Your task:
When you reach the line containing "Tegelijkertijd worden door" in the entries below, start writing out each line exactly, and stop after the line containing "Das Recht der".

[Available data Boundary: Start]

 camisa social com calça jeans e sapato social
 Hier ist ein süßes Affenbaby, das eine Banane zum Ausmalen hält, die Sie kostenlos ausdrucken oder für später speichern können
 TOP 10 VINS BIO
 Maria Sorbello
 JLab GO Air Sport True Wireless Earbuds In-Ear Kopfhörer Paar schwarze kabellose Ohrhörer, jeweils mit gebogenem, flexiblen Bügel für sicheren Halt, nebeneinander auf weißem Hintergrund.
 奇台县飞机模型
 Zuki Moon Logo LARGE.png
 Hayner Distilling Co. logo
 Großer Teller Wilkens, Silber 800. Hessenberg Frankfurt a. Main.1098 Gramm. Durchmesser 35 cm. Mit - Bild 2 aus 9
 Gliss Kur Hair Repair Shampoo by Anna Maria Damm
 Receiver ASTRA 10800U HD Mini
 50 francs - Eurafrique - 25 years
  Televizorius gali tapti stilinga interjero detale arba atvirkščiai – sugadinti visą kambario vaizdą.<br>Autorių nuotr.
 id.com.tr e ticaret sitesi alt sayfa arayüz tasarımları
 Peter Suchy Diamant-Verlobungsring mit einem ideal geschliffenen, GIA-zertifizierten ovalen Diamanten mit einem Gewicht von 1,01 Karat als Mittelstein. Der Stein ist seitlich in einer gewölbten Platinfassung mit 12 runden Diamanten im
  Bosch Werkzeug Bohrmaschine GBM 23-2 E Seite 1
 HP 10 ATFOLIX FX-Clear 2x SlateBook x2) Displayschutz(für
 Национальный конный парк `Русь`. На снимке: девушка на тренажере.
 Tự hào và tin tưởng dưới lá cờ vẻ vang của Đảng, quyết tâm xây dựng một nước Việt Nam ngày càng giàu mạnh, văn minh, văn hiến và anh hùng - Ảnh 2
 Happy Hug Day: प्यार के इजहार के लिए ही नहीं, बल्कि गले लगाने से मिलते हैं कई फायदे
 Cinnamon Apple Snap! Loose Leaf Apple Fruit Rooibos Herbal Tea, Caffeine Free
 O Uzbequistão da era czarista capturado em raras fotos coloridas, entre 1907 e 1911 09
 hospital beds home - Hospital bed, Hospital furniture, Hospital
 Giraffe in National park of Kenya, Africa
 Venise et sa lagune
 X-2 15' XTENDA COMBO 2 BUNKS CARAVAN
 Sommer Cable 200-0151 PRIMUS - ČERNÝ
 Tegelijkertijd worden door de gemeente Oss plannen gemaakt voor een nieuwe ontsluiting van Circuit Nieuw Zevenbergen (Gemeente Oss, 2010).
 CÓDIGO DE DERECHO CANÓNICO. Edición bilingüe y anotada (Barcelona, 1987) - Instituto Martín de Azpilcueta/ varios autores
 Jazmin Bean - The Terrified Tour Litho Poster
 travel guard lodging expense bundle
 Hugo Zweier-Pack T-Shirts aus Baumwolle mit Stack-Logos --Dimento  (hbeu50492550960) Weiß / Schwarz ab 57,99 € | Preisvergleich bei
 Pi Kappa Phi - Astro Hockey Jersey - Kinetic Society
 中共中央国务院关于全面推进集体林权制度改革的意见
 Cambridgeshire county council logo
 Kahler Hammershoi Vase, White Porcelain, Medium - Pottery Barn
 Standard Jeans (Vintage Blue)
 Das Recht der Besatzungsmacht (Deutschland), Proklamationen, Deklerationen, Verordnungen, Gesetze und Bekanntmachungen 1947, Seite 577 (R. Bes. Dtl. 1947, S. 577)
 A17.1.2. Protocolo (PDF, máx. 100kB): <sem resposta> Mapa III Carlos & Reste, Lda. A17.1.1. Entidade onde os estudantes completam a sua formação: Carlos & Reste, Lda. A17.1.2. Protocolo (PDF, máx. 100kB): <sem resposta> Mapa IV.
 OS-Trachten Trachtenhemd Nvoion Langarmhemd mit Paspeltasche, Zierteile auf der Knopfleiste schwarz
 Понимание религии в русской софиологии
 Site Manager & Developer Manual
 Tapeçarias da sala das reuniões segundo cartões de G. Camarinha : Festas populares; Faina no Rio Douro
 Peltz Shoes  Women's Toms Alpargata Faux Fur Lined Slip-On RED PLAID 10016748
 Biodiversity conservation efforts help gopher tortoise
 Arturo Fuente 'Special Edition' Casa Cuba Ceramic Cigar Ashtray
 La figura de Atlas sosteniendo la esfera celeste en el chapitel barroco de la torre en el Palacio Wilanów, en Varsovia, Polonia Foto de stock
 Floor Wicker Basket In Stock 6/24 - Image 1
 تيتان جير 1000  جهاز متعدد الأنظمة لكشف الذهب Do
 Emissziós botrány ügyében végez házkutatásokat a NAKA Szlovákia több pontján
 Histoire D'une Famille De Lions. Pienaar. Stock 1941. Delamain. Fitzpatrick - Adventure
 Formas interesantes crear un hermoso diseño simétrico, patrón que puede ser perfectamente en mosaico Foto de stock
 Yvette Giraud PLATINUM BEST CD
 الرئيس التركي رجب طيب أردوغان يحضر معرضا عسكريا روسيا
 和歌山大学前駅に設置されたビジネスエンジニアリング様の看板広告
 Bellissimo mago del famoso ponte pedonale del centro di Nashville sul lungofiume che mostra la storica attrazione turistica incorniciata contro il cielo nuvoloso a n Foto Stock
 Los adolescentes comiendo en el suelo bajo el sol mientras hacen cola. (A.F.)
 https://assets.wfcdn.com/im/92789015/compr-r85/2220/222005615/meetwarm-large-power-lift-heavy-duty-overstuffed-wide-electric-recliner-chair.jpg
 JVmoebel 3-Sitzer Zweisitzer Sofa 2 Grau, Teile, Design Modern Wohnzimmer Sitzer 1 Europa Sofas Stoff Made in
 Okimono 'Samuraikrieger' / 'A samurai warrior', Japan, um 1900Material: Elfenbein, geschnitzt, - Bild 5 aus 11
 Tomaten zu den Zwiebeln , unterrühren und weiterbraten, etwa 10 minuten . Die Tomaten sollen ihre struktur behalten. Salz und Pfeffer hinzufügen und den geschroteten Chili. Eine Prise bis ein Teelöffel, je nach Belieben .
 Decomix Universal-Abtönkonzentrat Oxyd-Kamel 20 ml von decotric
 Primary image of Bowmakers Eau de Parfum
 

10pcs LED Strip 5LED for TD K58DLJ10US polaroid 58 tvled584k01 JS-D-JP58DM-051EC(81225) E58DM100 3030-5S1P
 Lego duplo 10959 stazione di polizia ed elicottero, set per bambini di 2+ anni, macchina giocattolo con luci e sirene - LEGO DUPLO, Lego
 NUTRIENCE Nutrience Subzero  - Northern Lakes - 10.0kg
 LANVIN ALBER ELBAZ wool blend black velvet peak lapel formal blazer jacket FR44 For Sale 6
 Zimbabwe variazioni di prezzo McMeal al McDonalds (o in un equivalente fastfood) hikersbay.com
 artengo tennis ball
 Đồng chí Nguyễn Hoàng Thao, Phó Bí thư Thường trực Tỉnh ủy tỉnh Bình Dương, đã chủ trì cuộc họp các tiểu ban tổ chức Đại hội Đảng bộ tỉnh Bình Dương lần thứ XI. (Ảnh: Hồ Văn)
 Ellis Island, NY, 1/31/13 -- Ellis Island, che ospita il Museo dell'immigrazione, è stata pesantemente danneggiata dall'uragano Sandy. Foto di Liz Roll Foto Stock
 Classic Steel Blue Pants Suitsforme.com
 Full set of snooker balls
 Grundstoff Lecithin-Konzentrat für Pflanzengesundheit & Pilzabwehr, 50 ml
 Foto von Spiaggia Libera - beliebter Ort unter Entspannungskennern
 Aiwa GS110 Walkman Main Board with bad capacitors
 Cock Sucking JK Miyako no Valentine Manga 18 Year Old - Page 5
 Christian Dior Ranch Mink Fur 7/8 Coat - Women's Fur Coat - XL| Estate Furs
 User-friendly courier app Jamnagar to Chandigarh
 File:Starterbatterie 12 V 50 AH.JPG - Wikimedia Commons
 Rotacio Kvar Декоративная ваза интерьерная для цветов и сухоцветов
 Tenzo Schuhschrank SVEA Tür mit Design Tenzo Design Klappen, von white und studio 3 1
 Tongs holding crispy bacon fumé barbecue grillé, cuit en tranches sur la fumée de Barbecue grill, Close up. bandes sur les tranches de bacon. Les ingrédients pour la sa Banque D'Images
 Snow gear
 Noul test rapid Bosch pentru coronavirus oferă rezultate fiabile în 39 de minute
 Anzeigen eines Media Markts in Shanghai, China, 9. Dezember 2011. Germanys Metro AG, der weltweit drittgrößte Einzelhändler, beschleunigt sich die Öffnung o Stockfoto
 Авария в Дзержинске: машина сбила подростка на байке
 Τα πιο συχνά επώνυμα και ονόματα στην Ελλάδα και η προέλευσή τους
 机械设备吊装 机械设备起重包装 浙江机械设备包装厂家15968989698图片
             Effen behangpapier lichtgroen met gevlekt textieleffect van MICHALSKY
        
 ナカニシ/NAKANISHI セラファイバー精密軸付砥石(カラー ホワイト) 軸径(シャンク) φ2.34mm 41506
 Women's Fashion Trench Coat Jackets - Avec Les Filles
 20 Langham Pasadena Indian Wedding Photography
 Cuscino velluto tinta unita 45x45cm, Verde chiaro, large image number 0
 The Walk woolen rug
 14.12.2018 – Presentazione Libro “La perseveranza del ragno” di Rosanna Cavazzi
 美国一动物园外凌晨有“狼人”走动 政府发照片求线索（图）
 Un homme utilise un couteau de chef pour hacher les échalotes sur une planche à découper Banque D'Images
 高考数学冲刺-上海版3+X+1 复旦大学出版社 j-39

[Available data Boundary: End]

Solution to the exercise:
 Tegelijkertijd worden door de gemeente Oss plannen gemaakt voor een nieuwe ontsluiting van Circuit Nieuw Zevenbergen (Gemeente Oss, 2010).
 CÓDIGO DE DERECHO CANÓNICO. Edición bilingüe y anotada (Barcelona, 1987) - Instituto Martín de Azpilcueta/ varios autores
 Jazmin Bean - The Terrified Tour Litho Poster
 travel guard lodging expense bundle
 Hugo Zweier-Pack T-Shirts aus Baumwolle mit Stack-Logos --Dimento  (hbeu50492550960) Weiß / Schwarz ab 57,99 € | Preisvergleich bei
 Pi Kappa Phi - Astro Hockey Jersey - Kinetic Society
 中共中央国务院关于全面推进集体林权制度改革的意见
 Cambridgeshire county council logo
 Kahler Hammershoi Vase, White Porcelain, Medium - Pottery Barn
 Standard Jeans (Vintage Blue)
 Das Recht der Besatzungsmacht (Deutschland), Proklamationen, Deklerationen, Verordnungen, Gesetze und Bekanntmachungen 1947, Seite 577 (R. Bes. Dtl. 1947, S. 577)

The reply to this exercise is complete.